The important piece had to do with what IFS calls “polarization,” where two parts are pulling against each other. The external circumstance was a dinner table conversation the night before. At the table were two men I know somewhat as friends, and a woman in her nineties who has some memory loss and comes on very strongly. My feelings about Molly were exactly what Erica was talking about, pulling in two directions, but it took us a while to get to them. We needed to be able to identify my reactions correctly, with a certain amount of subtlety. Simplistically, there was a part that didn’t like Molly and a part that envied her vivaciousness. It took a while for me to understand that I didn’t like her because her vivaciousness felt false in some way, it wasn’t about connecting, it was about overwhelming us with her energy. I didn’t in fact want to be like her. My enthusiasm is not about me, but about the topic, and I want to have a real conversation, a discussion, not a speech. I want there to be connection and relationship.
Last night, as I left the dining room, I was feeling like everyone saw me as a very boring person. What I realized in the session with Erica was that I didn’t at all want to be like Molly, I wanted to be vivacious in my own way, with real enthusiasm for the topic but no wish to coerce someone into agreeing with me. As I was leaving the dining room, though, all I had was the part who envied Molly and saw me as boring.
Oddly, I felt the presence of my introjected mother, criticizing me, but if my real mother had been there, she would have said of Molly “She thinks she’s so great.” It looks like my introjected mother is not like my real mother, but a part who would only attack me, whereas I remember hearing Mother say of someone else “She thinks she’s so great.” I realize that Molly really does “think she’s so great,” whereas I never do, I think astronomy or folk dance or somatic experiencing is great. Understanding that what I really want is the Truth ended the polarization.
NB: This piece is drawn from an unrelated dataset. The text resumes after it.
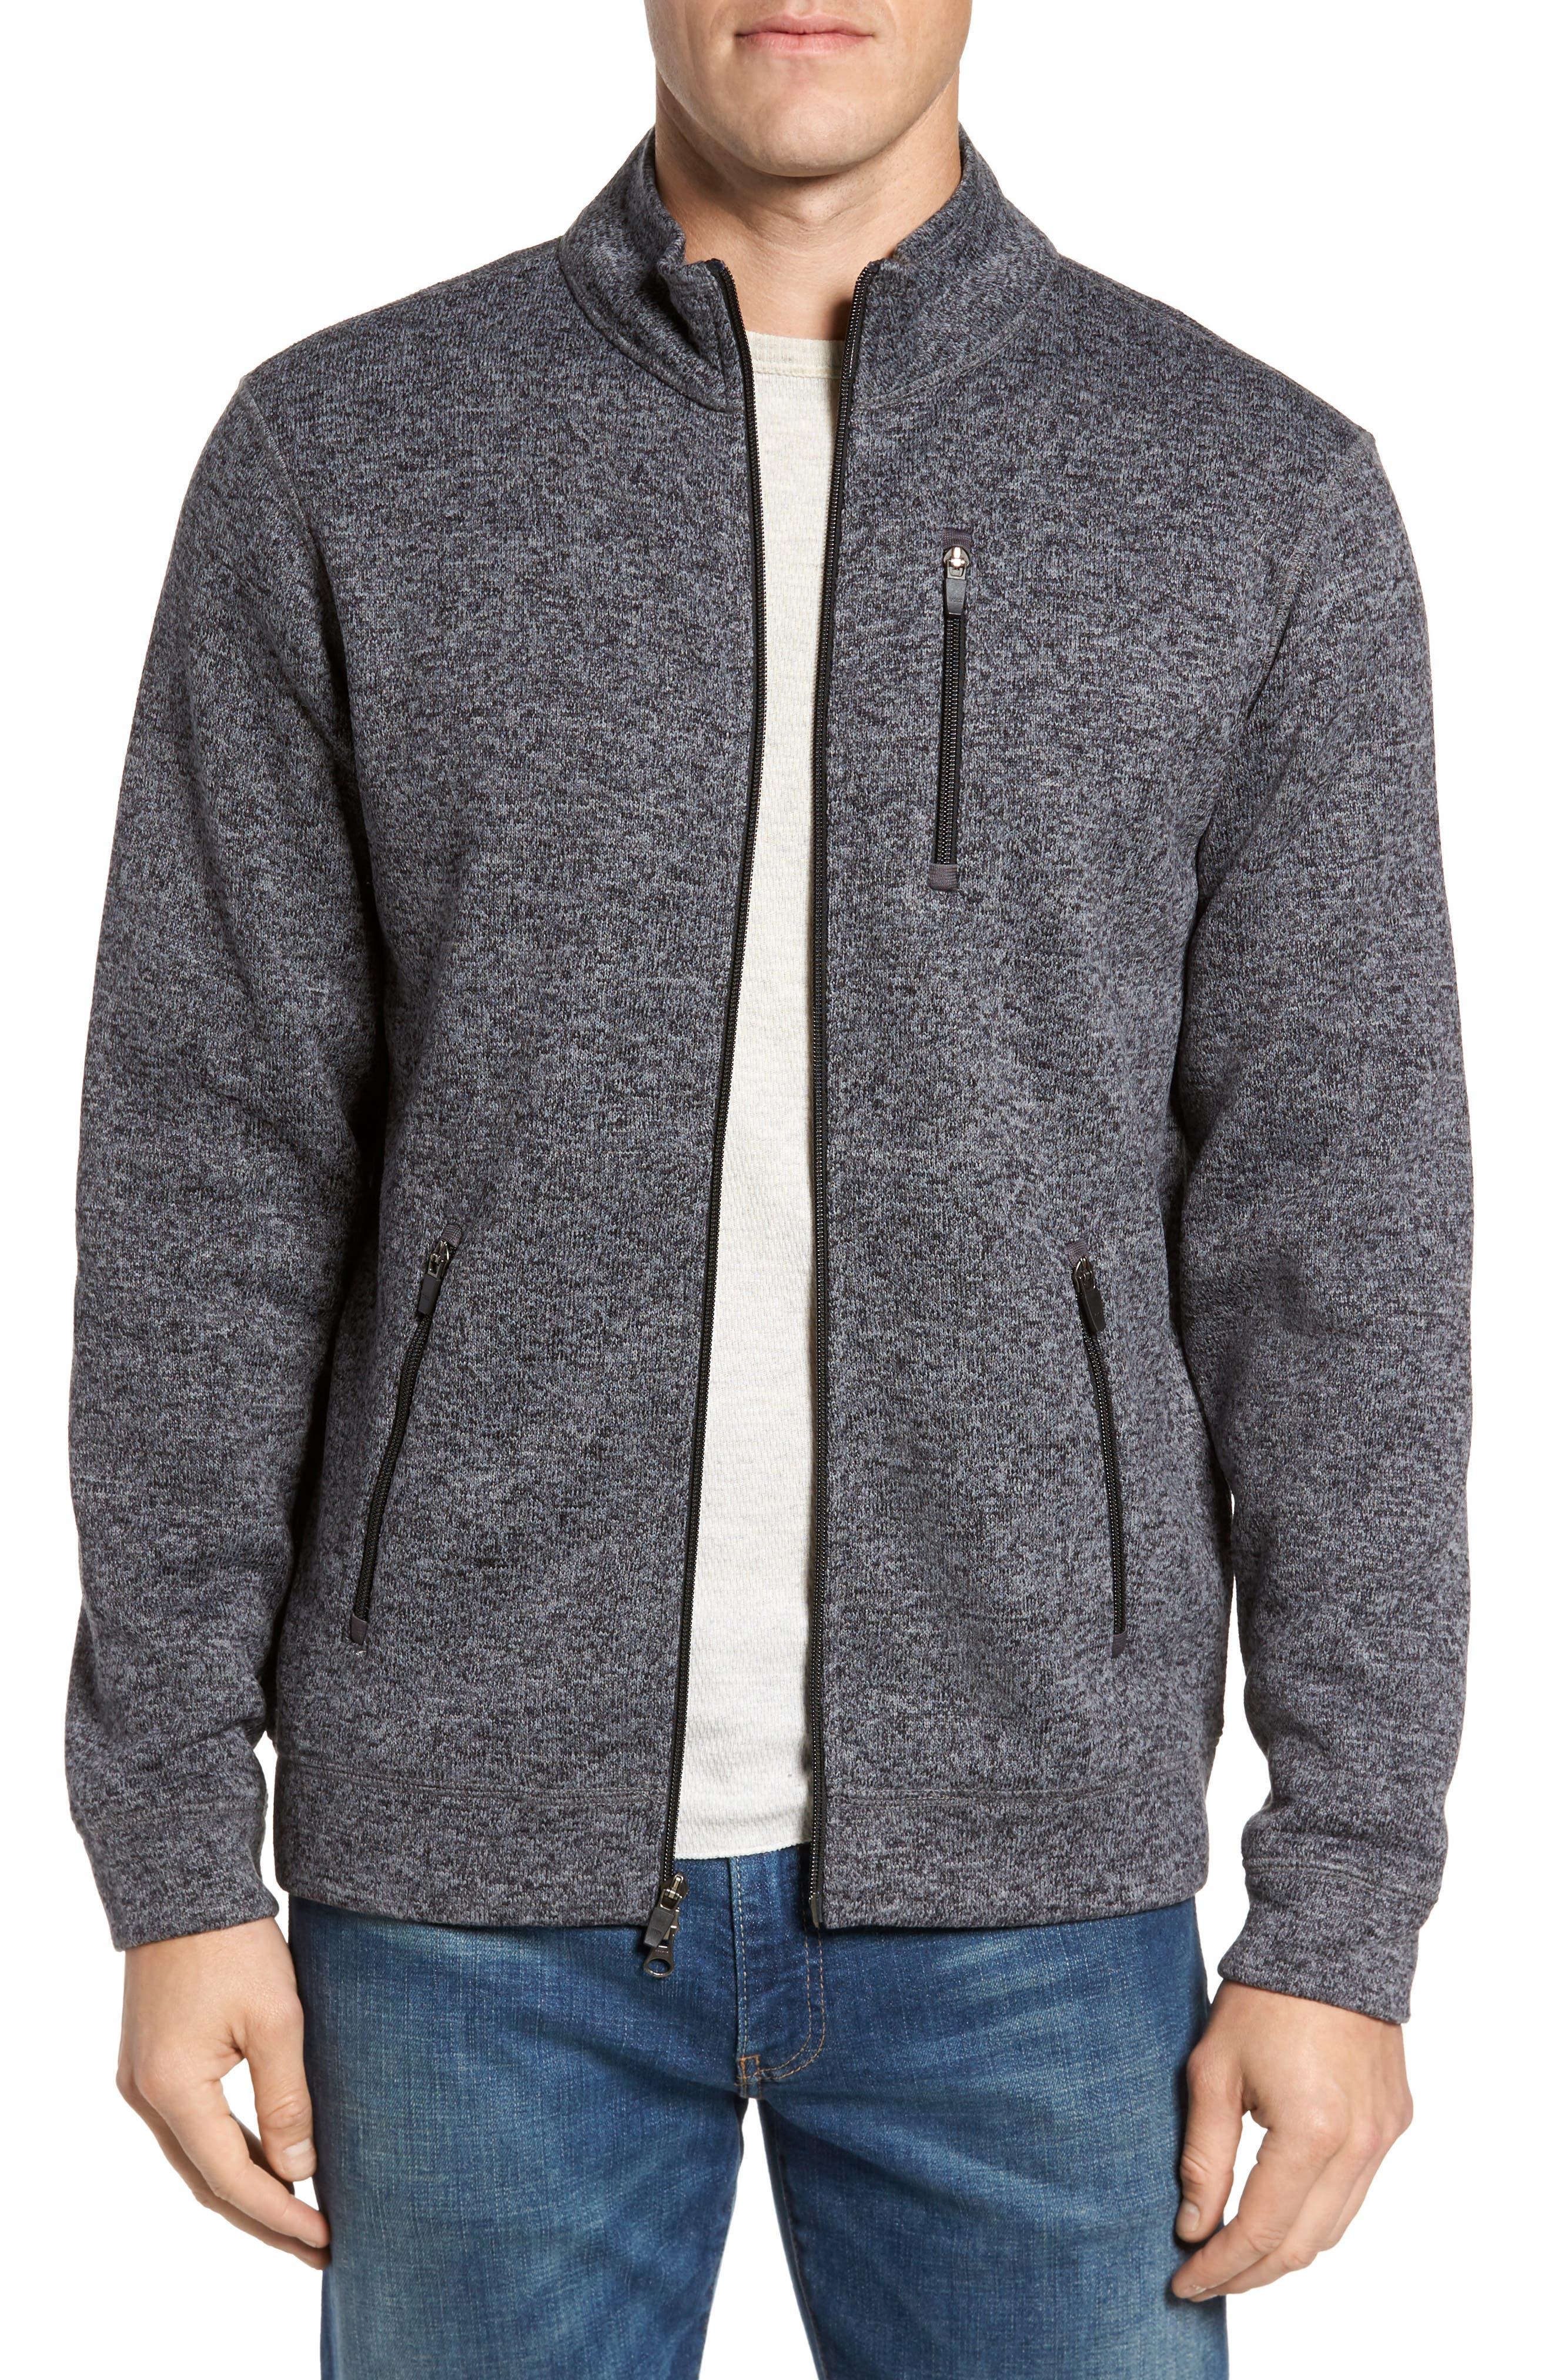 Sweater Knit Fleece Zip Front Jacket,                             Main thumbnail 1, color,                             Black/ Grey

But I can see, while the polarization was going on, it was very damaging. As long as I had the two parts pulling me in opposite directions, I couldn’t see what was really going on, but got stuck in the place in between. No wonder I was confused and feeling hopeless. One thing that helped a lot was the presence of the two men, who didn’t buy into Molly’s intensity, but were more interested in conversation and relationship than figuring out what was “right.”